• [Your objective] What you return should be the complete data below, word for word, with no pictures in it.

• [Dataset content]
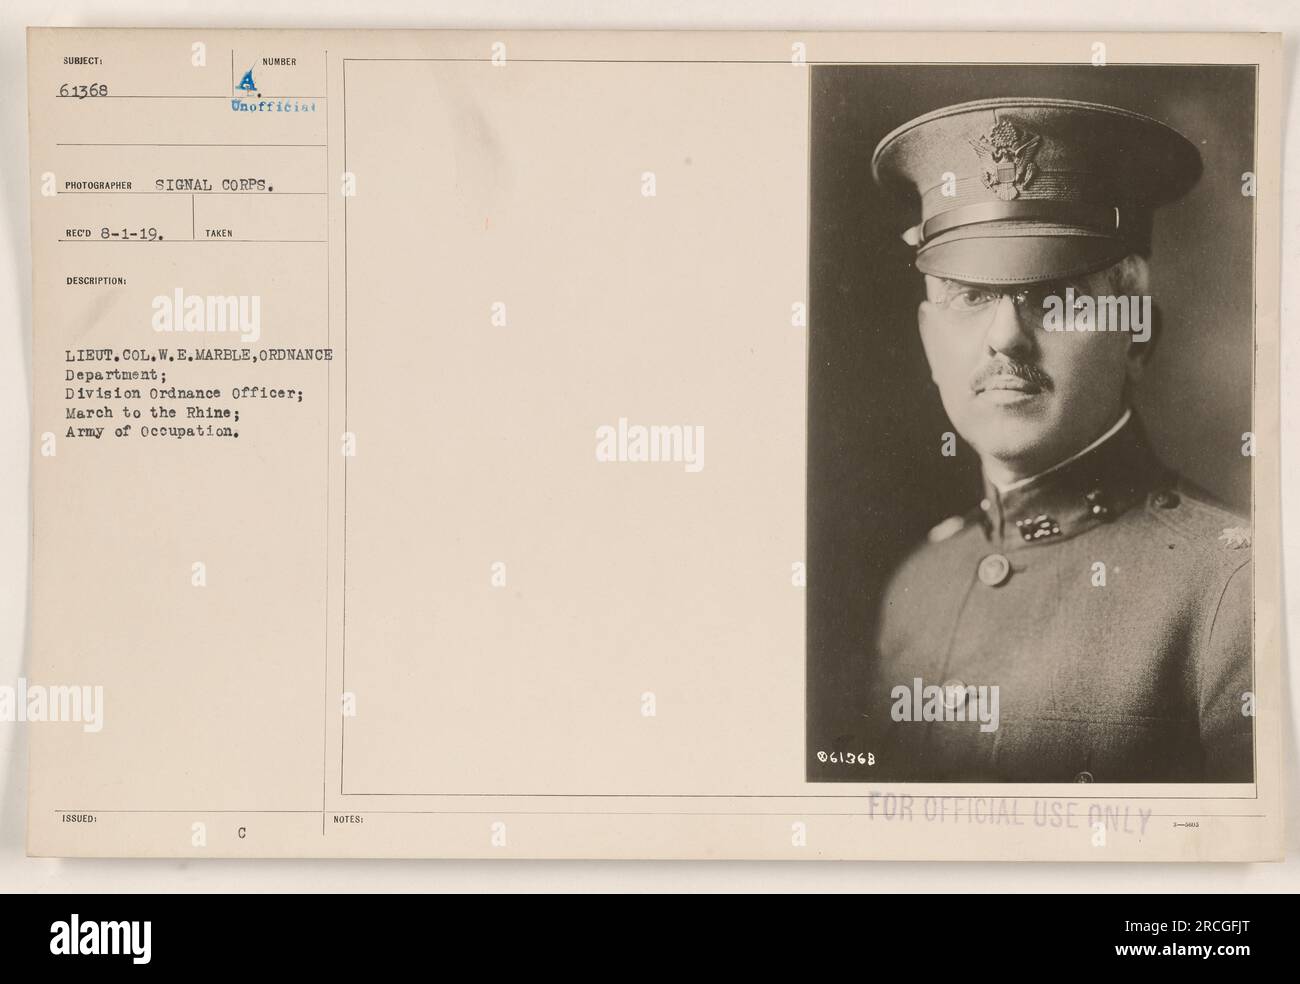 Oberstleutnant W.E. Marble, vom Ordnanzamt, diente während des Marsches zum Rhein als Divisionsoffizier, als Teil der Besatzungsarmee. Dieses Foto, aufgenommen vom Signalkorps und erhalten am 1. August 1919, zeigt LT. Oberstleutnant Marble. Die Beschreibungsnummer ist inoffiziell und nur zur amtlichen Verwendung bestimmt. Stockfoto
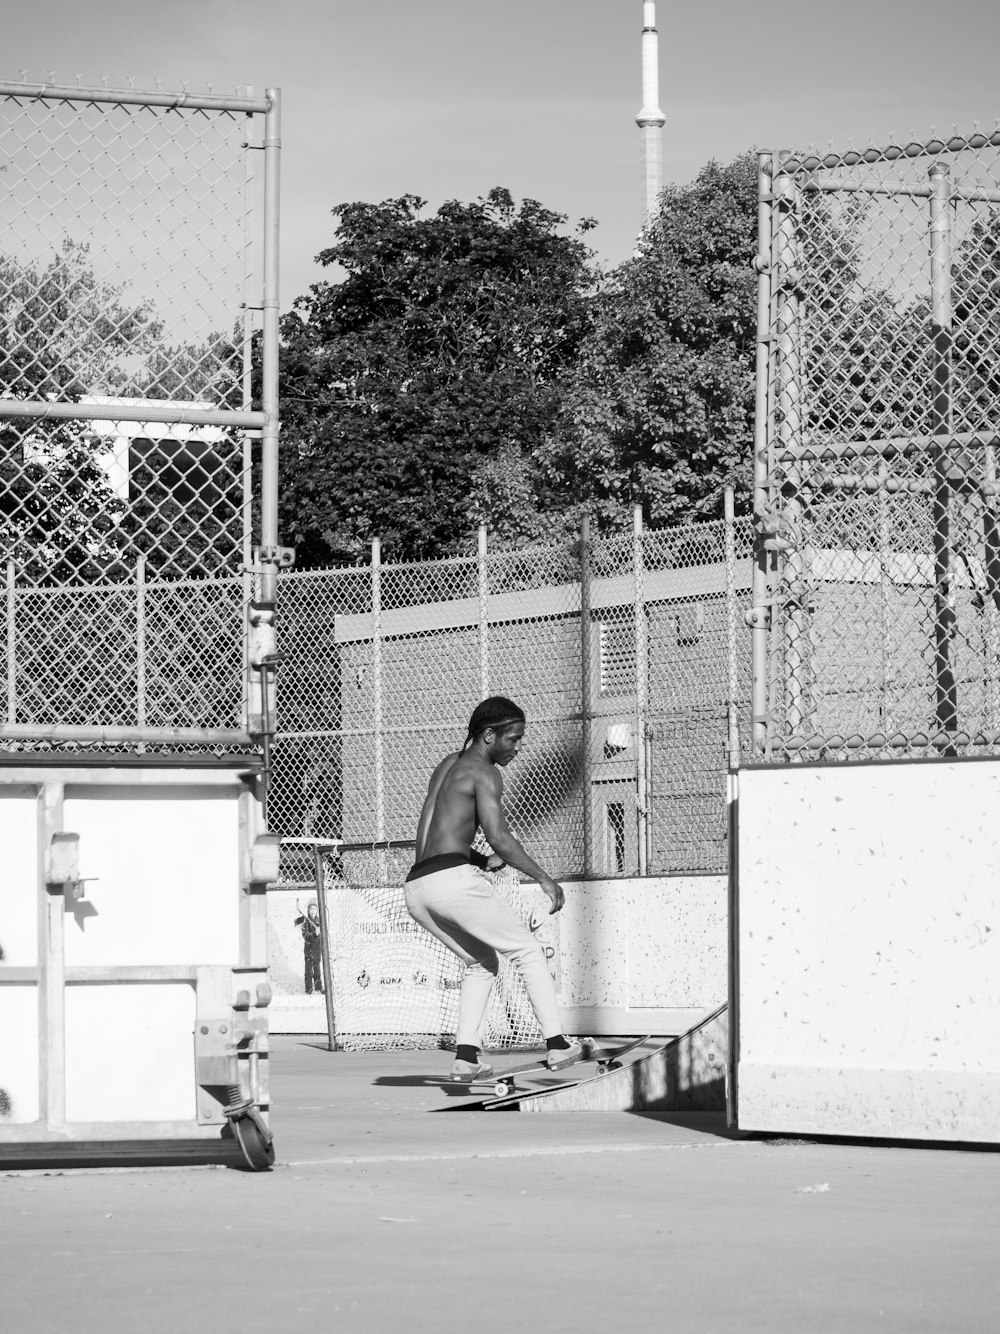 foto em tons de cinza do homem skateboarding
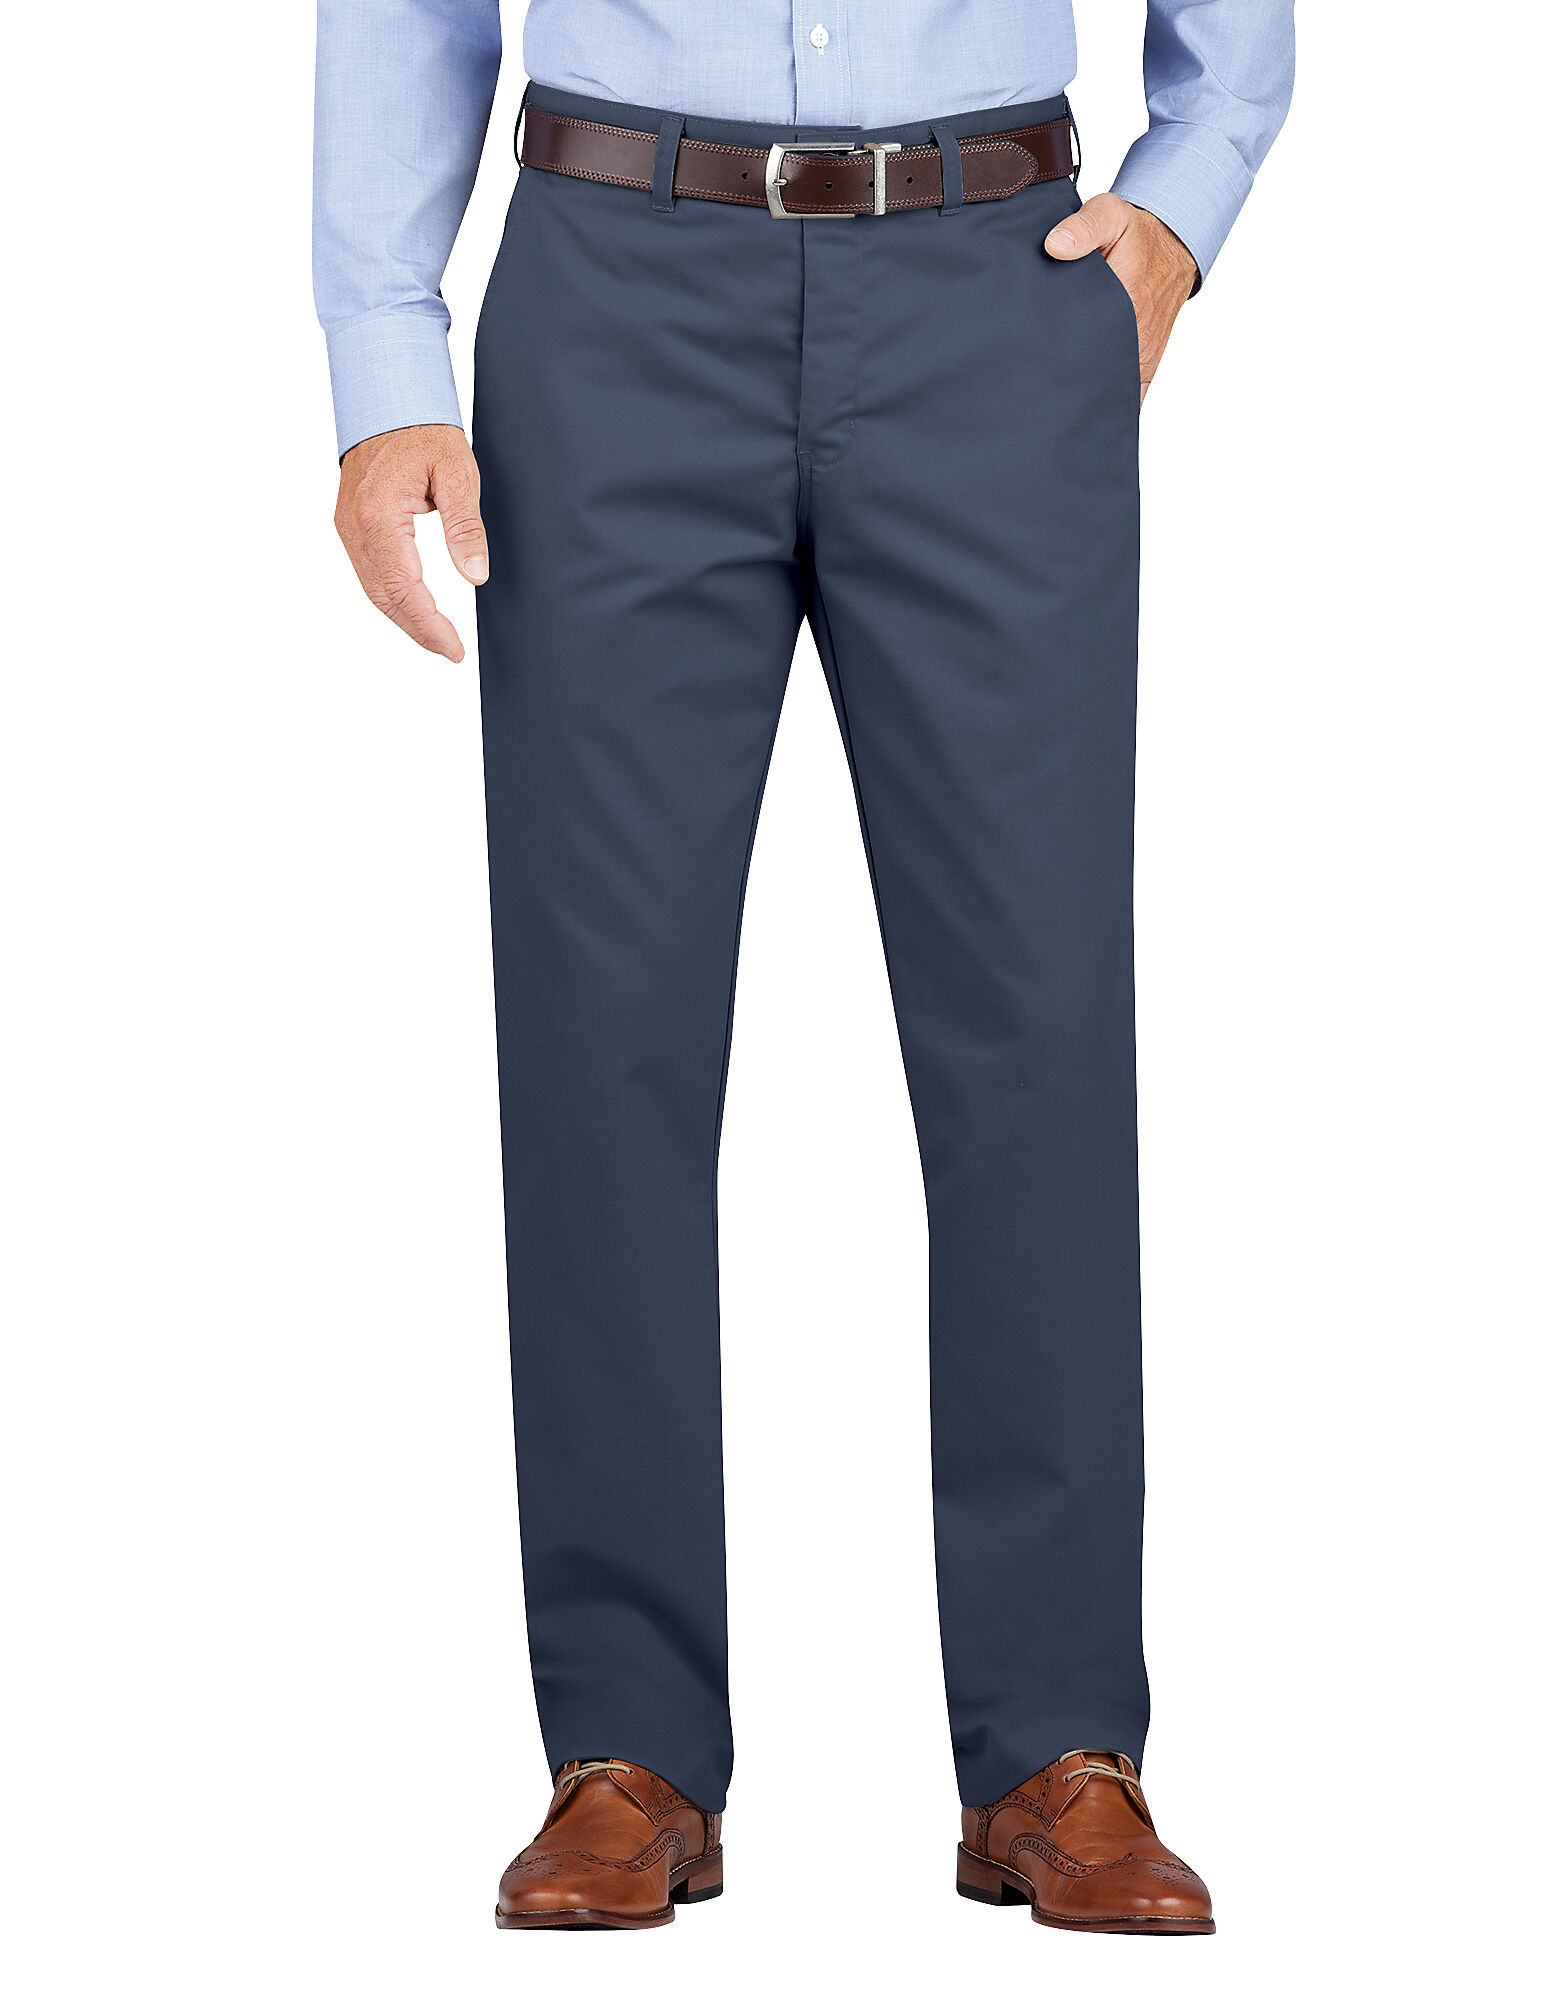 navy blue khaki pants mens

• [Result below]
 Oberstleutnant W.E. Marble, vom Ordnanzamt, diente während des Marsches zum Rhein als Divisionsoffizier, als Teil der Besatzungsarmee. Dieses Foto, aufgenommen vom Signalkorps und erhalten am 1. August 1919, zeigt LT. Oberstleutnant Marble. Die Beschreibungsnummer ist inoffiziell und nur zur amtlichen Verwendung bestimmt. Stockfoto
 foto em tons de cinza do homem skateboarding
 navy blue khaki pants mens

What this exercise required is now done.